Information shown START

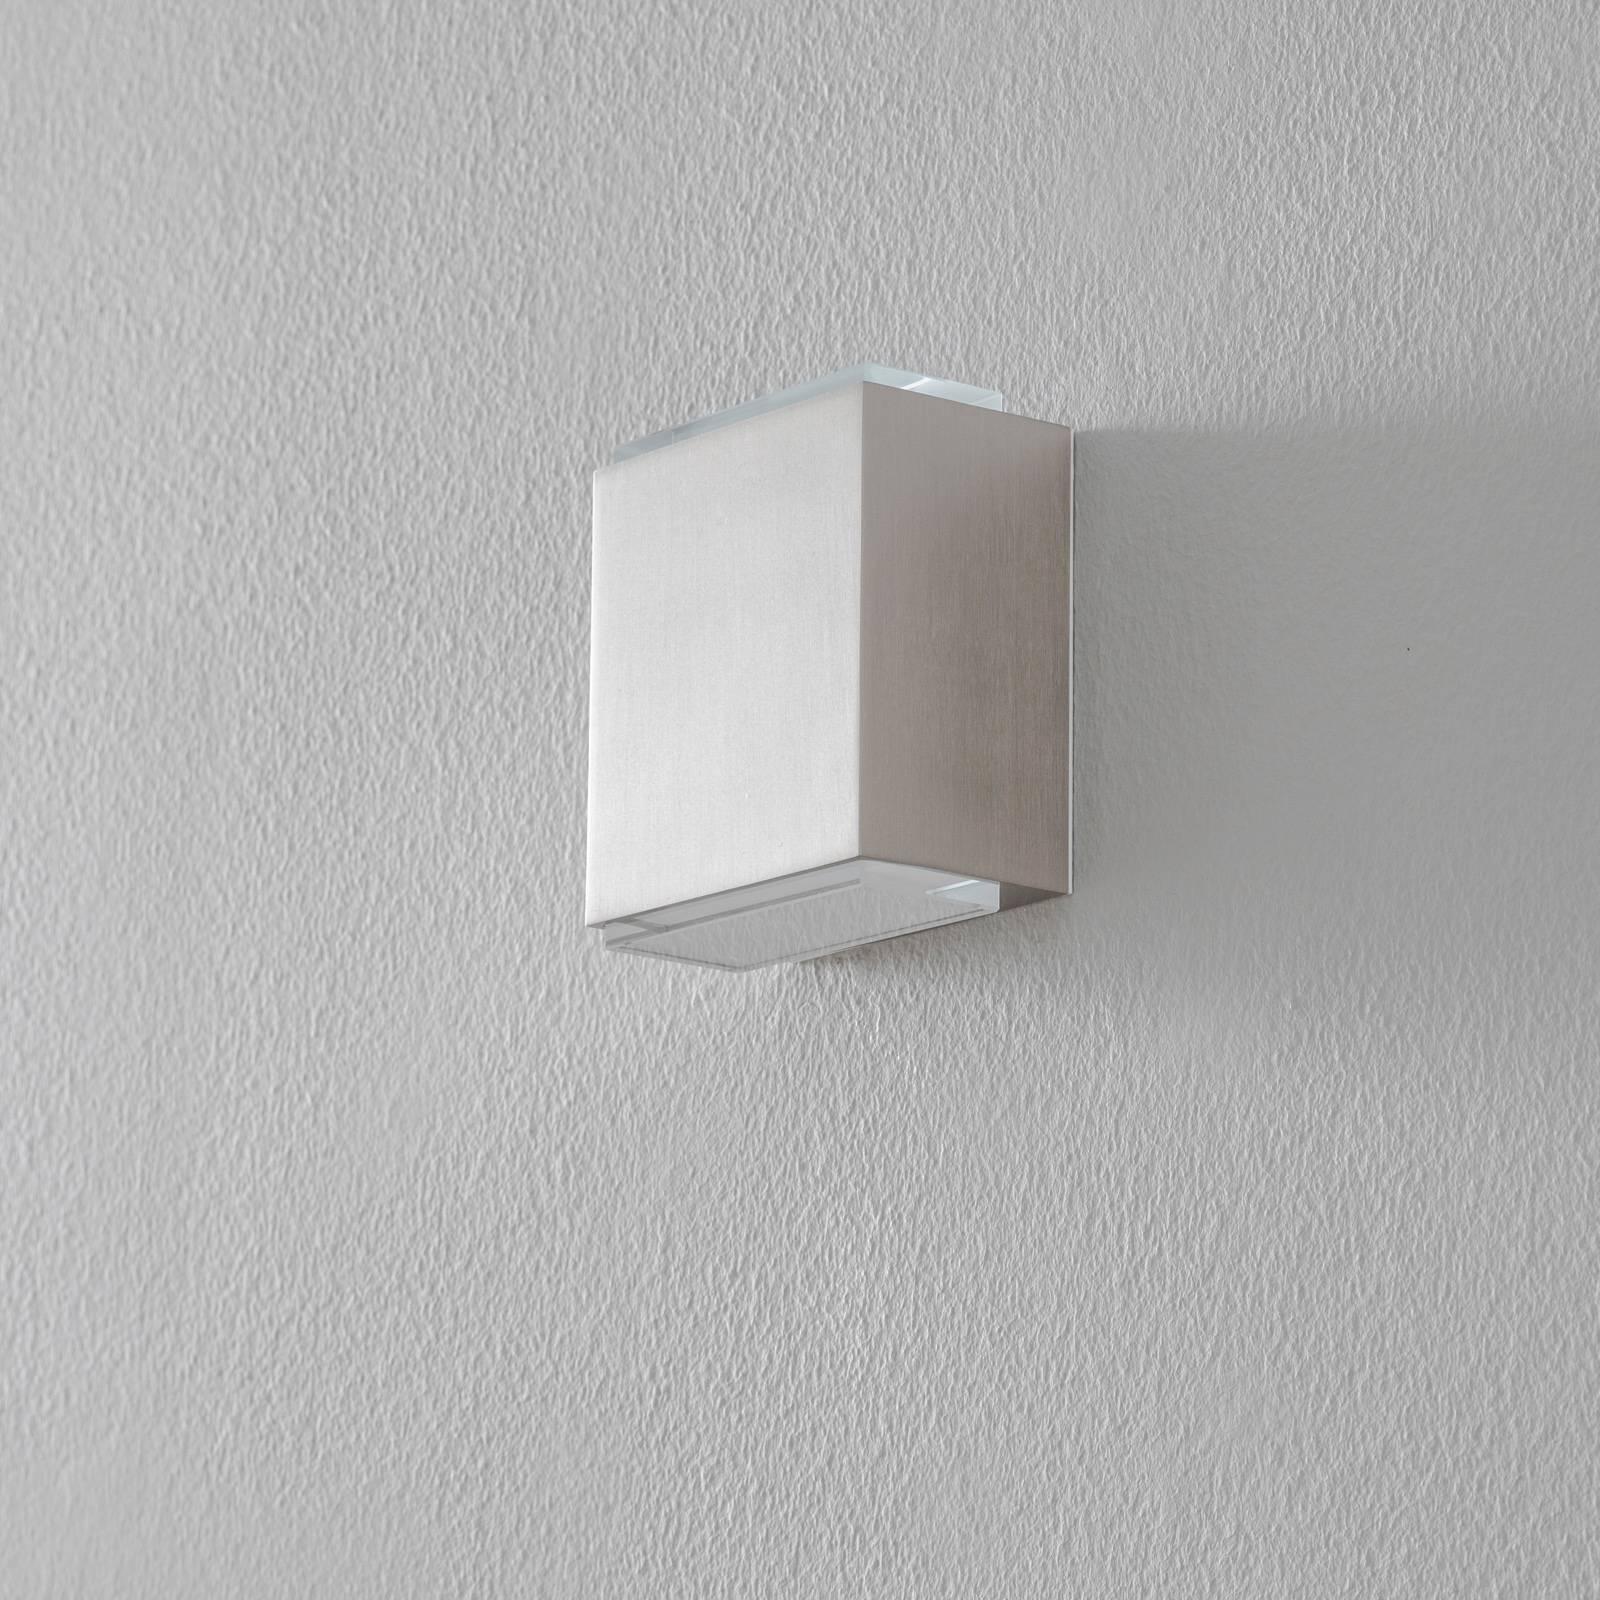 BEGA 23013 LED-seinävalaisin 3000K 9cm 510lm teräs
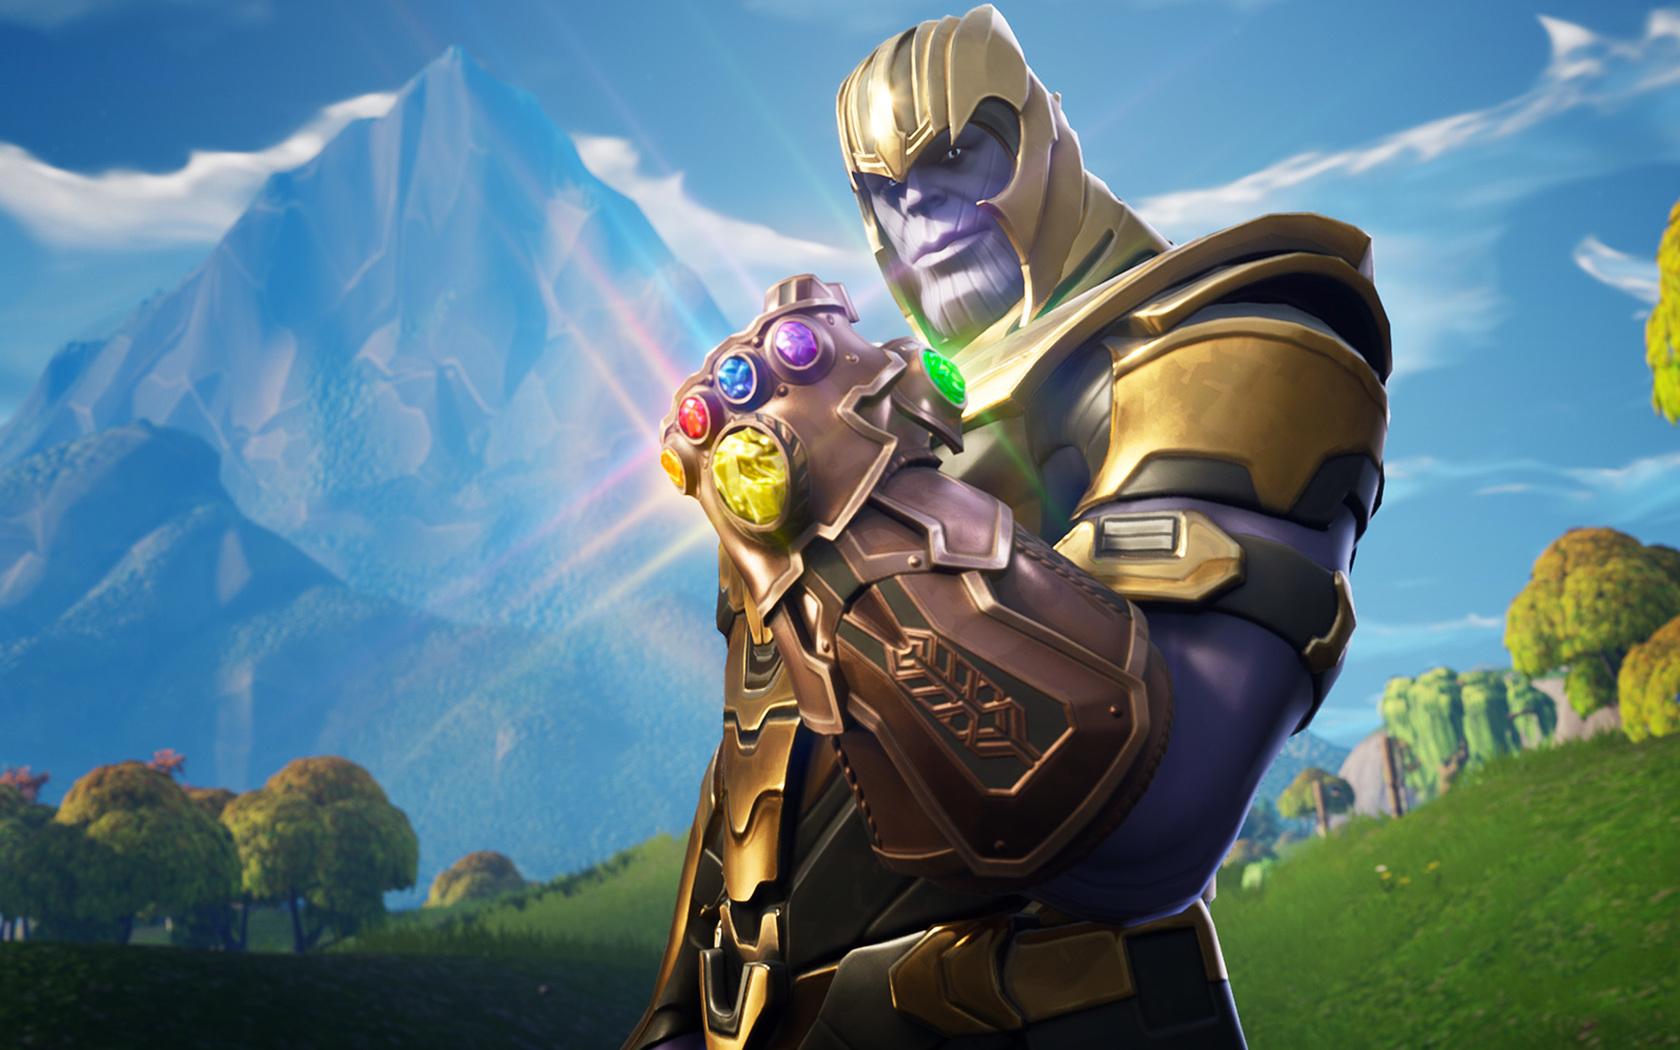 1680x1050 Thanos In Fortnite Battle Royale 1680x1050 Resolution HD 1680x1050
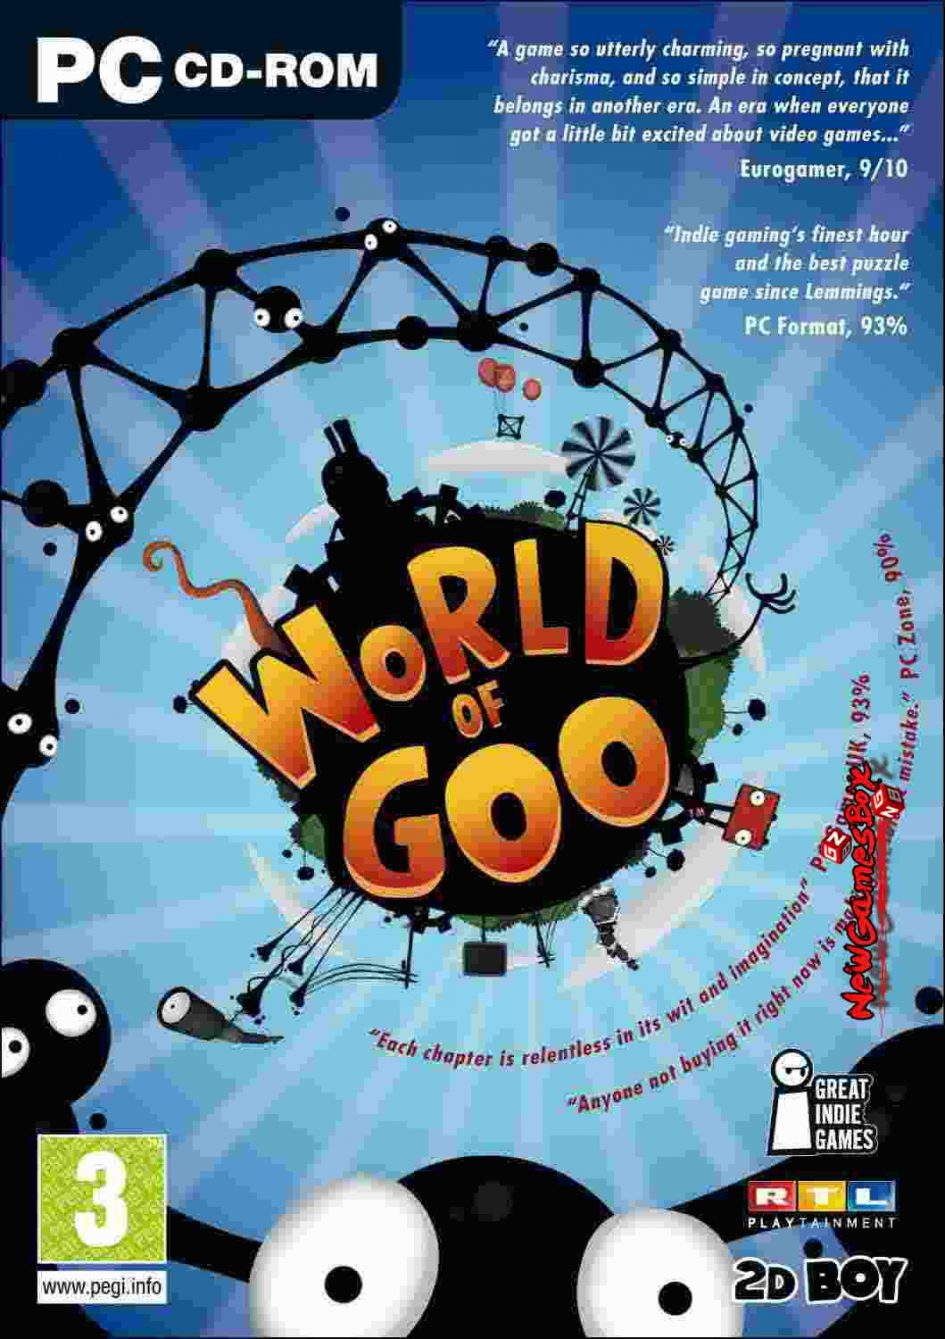 world of goo free download full version pc game setup

Information shown END

- **Directions for this task**
From the first line to the last, retype the data exactly, but omit every image.

- **Result**
 BEGA 23013 LED-seinävalaisin 3000K 9cm 510lm teräs
 1680x1050 Thanos In Fortnite Battle Royale 1680x1050 Resolution HD 1680x1050
 world of goo free download full version pc game setup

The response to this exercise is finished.